The Belgian government is investigating what looks to be an attack by Chinese hackers, who breached an external email server used regularly by its federal intelligence service.
The email server appears to have been one that is not used for state secrets, but it is possible that the sensitive personal information of government staff was exposed as the intelligence service HR department made use of it.
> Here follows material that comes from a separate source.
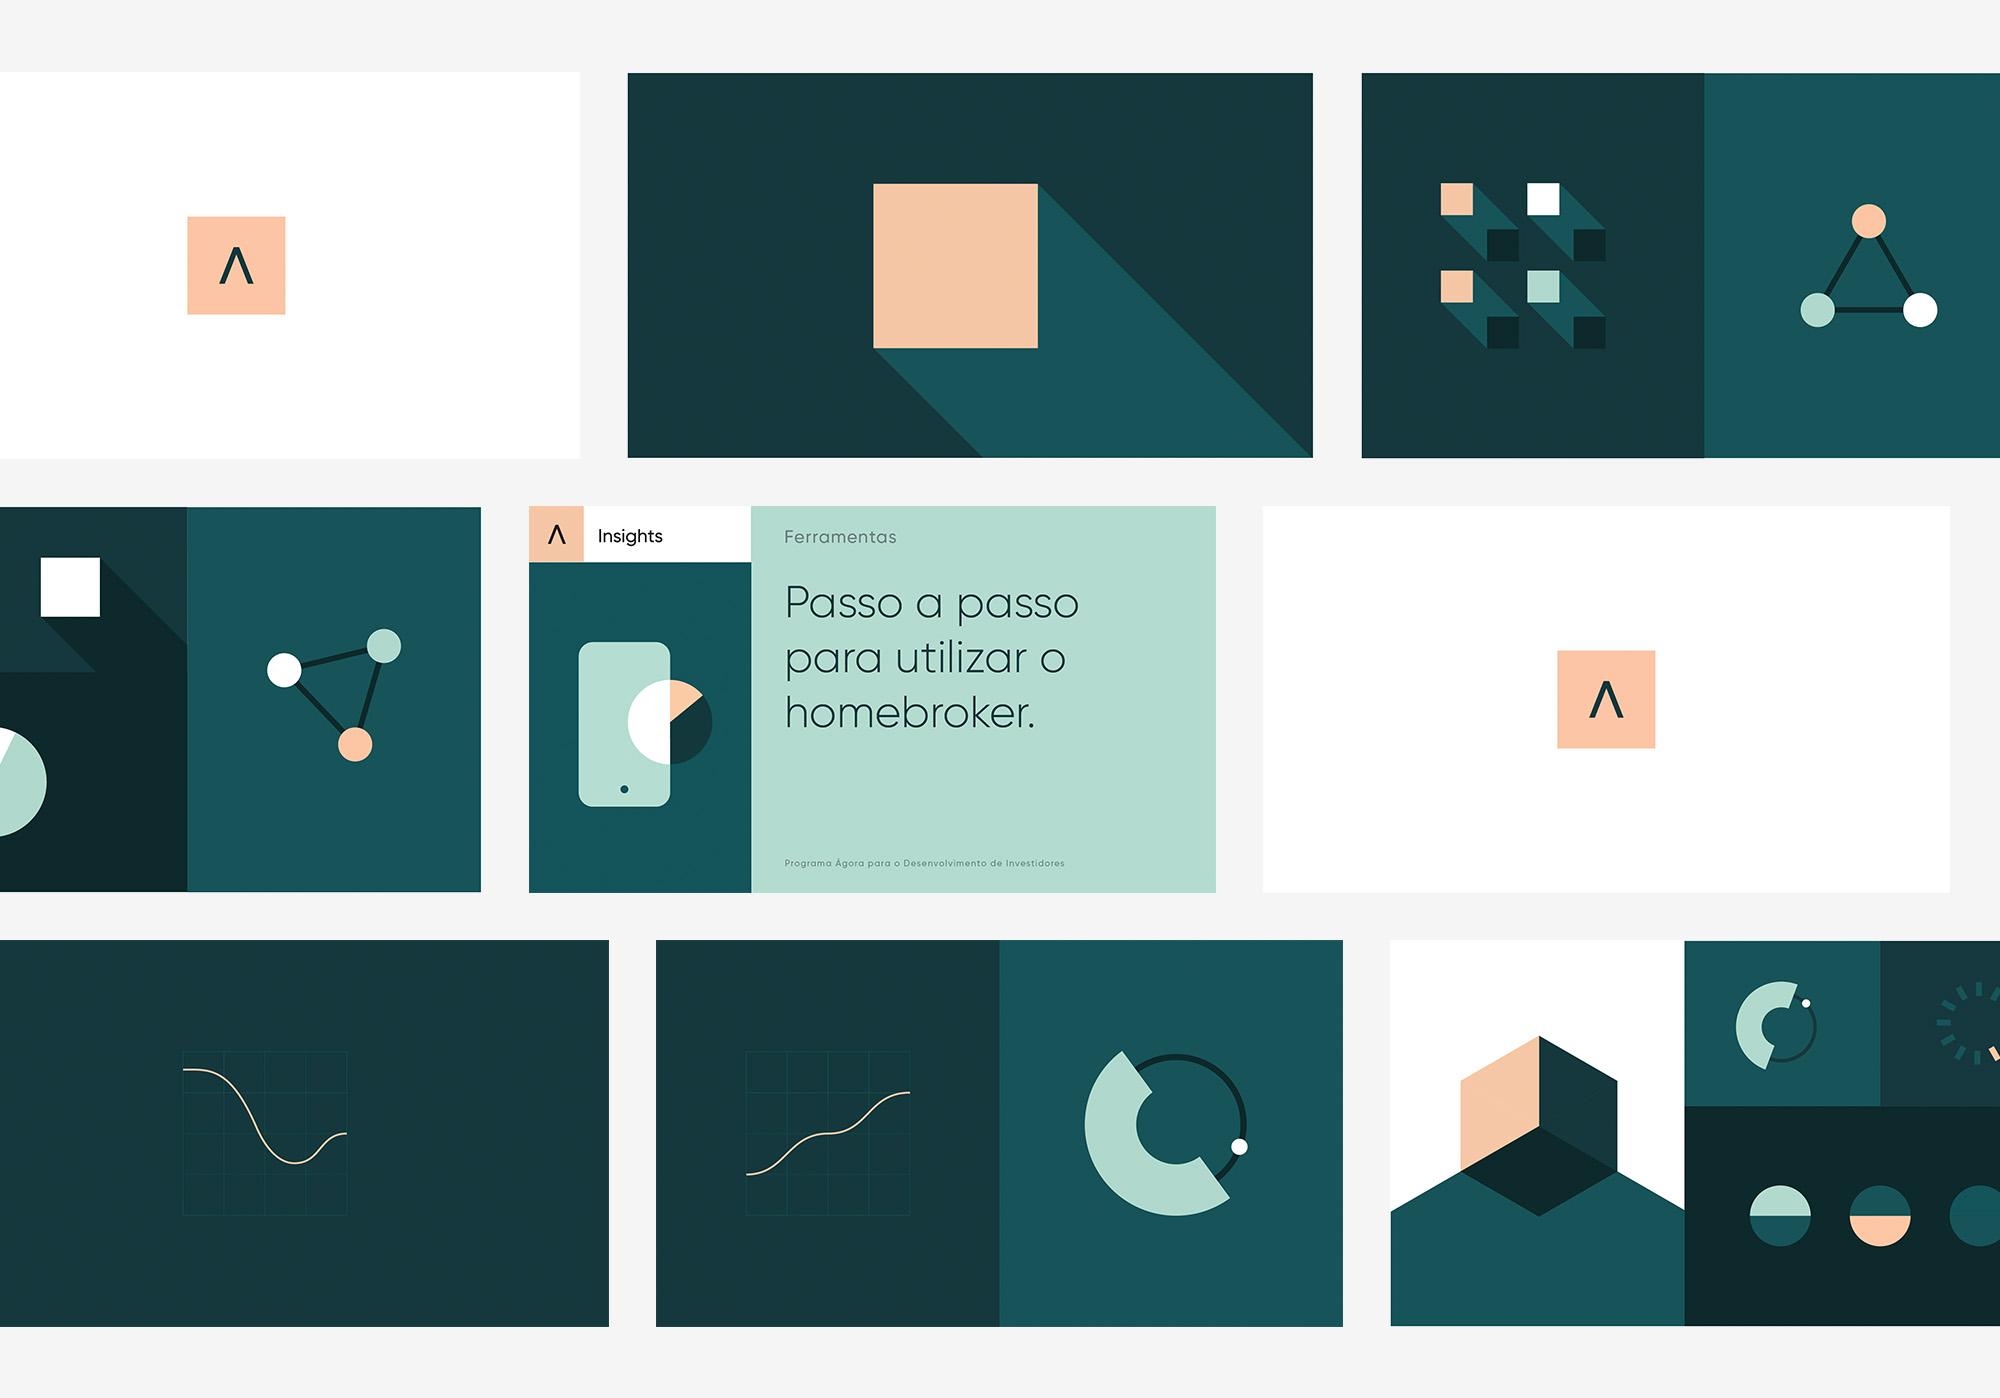 framework_agora_insights

Chinese hackers were blamed due to commonalities with prior attacks on Belgium and other world governments, and the belief that the Barracuda email security software breach was the source of the incursion.
Belgian intelligence service breached in 2023
Though it does not grab the same headlines as other nations, Belgium has attracted significant attention from Chinese hackers since at least 2022. APT groups have been blamed for prior attempts on the interior and defense ministries, and these groups were also known to exploit the Barracuda zero-day vulnerability around this time.
Initial reporting was that the intelligence service (VSSE) was breached in 2021, but it has since issued a statement indicating that its investigation finds it being breached by the Chinese hackers in 2023. Barracuda issued a patch for its email security vulnerability in May of that year, and VSSE dropped them as a provider shortly after.
The group of Chinese hackers thought to be involved is not the infamous Salt Typhoon, which has now been active in over 100 countries but has paid special attention to US communications infrastructure as of late. However, the fact that it is a more “minor” and “lesser known” group that is nevertheless compromising national intelligence services speaks to how much in the way of manpower and resources China is putting into compromising rivals around the globe.
Chinese government denies Chinese hackers are responsible
The Belgian intelligence service has yet to make a formal charge against the Chinese hackers, but the Chinese government responded to the media reports with its usual denials and deflections. Initial reports said that the hackers had captured about 10% of the agency’s emails from sometime in 2021 to May 2023, but VSSE has since issued a clarification that it was only compromised during 2023 and that it was more like 5% of the emails.
The incident is nevertheless troubling as the emails captured may have contained discussions between the intelligence service and law enforcement as well as the highest levels of national government. The external email system that was breached was also used by the VSSE’s HR department, and could have passed some sensitive personal information belonging to its staff and job applicants.
The denials from the Chinese government about hacking fall flat in the face of mountains of attribution across the globe, both by many different national governments and many third-party security researchers that specialize in tracking sophisticated and well-resourced APT groups. The incident makes clear that there remains a strong interest in monitoring the communications of other world governments, even at the unclassified level.